Coin Storage Security

Key Takeaways

  • 39.7% of crypto owners had previously forgotten their passwords, with 95.6% of them regaining access to their investments.

  • 32.6% had previously fallen victim to a crypto scam, losing an average of $538.

  • 11.9% of respondents believed their crypto wallet passwords were not safe.

  • 1 out of 4 respondents used a password manager to remember their crypto passwords.

How Are Americans Keeping Their Cryptos Safe? [Survey]

If you're thinking of investing (or investing more) into cryptocurrency, there's probably one question on your mind: Can it be trusted? In other words, is it a good investment? Yahoo Finance suggests having 6% of your total portfolio in Bitcoin alone, while Bill Gates is actively against the idea. But what about everyday people who are actually doing the investing? Do they trust the concept? Are they having issues already?

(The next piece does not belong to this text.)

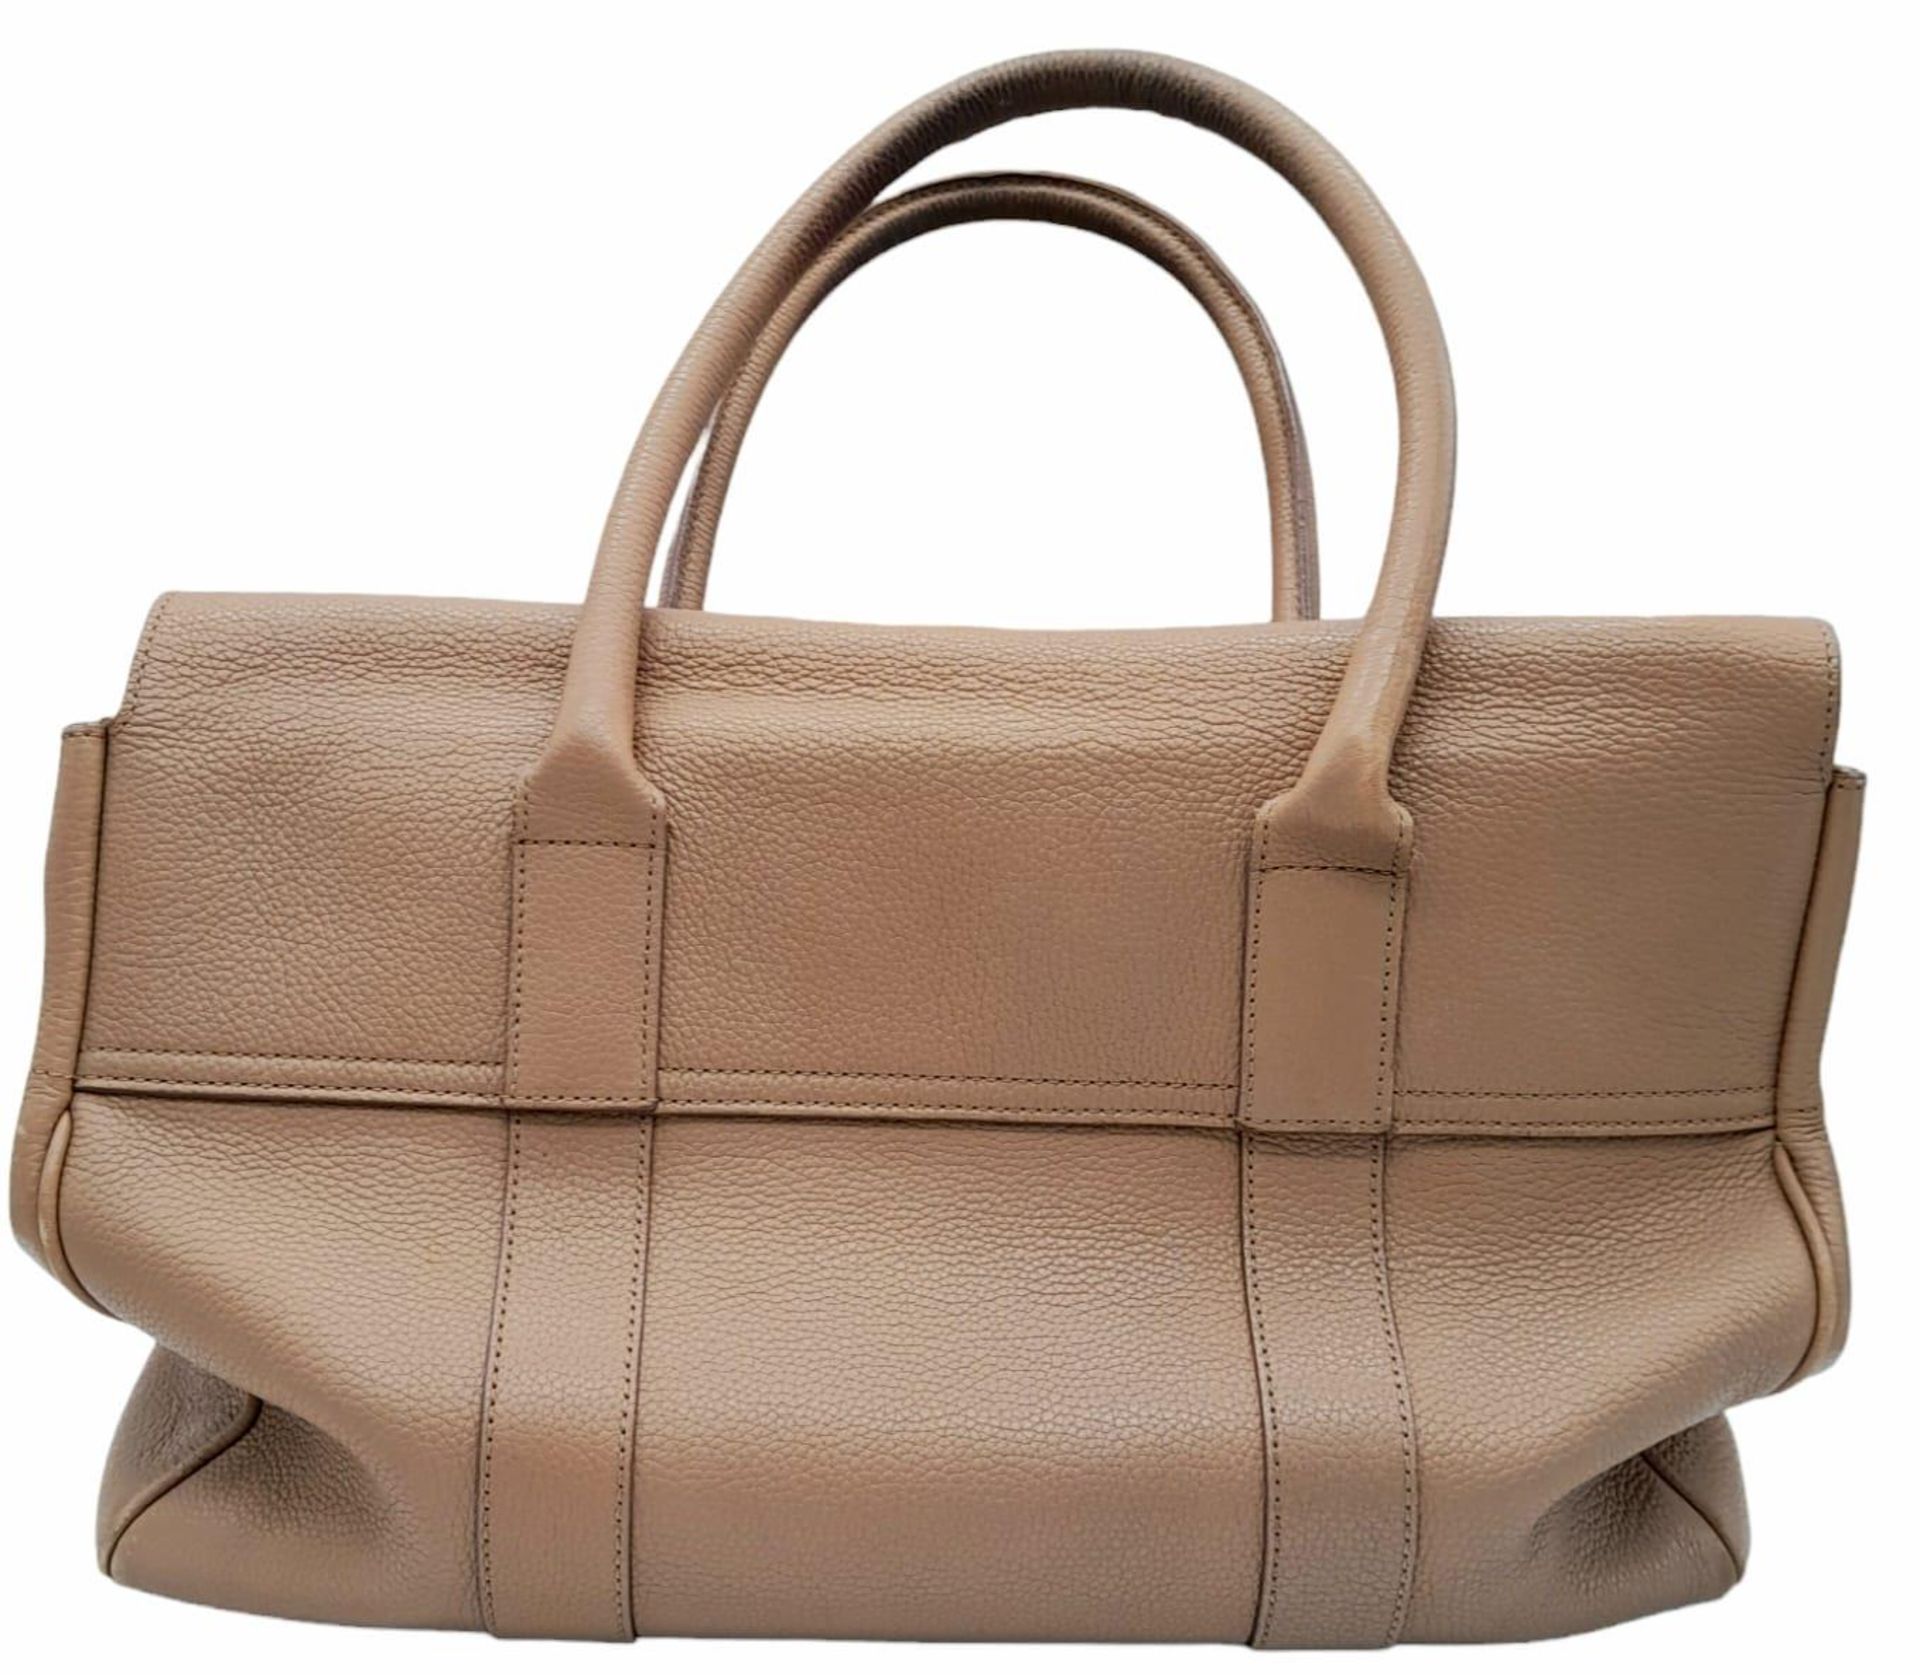 A Mulberry Light Brown Grained Leather Bayswater Satchel Bag. Silver Tone Hardware, A Turn Lock on - Image 3 of 11

And what regrets do they have, if any?

We spoke to more than 1,000 owners of cryptocurrency to find out what's going on. They shared their preferred methods of trading, their trust in each wallet option, and some of the pitfalls they've fallen into. To discover what it's really like to be investing in cryptocurrency today, just read what they have to say.

Wallets and Trust

Our study began with a look into the most used cryptocurrency wallets and the faith the crypto audience at large has in each of those options. Moreover, we asked each investor how much they currently had invested in each available crypto wallet.

Common crypto wallet types used, and the perceived trustworthiness of these wallets.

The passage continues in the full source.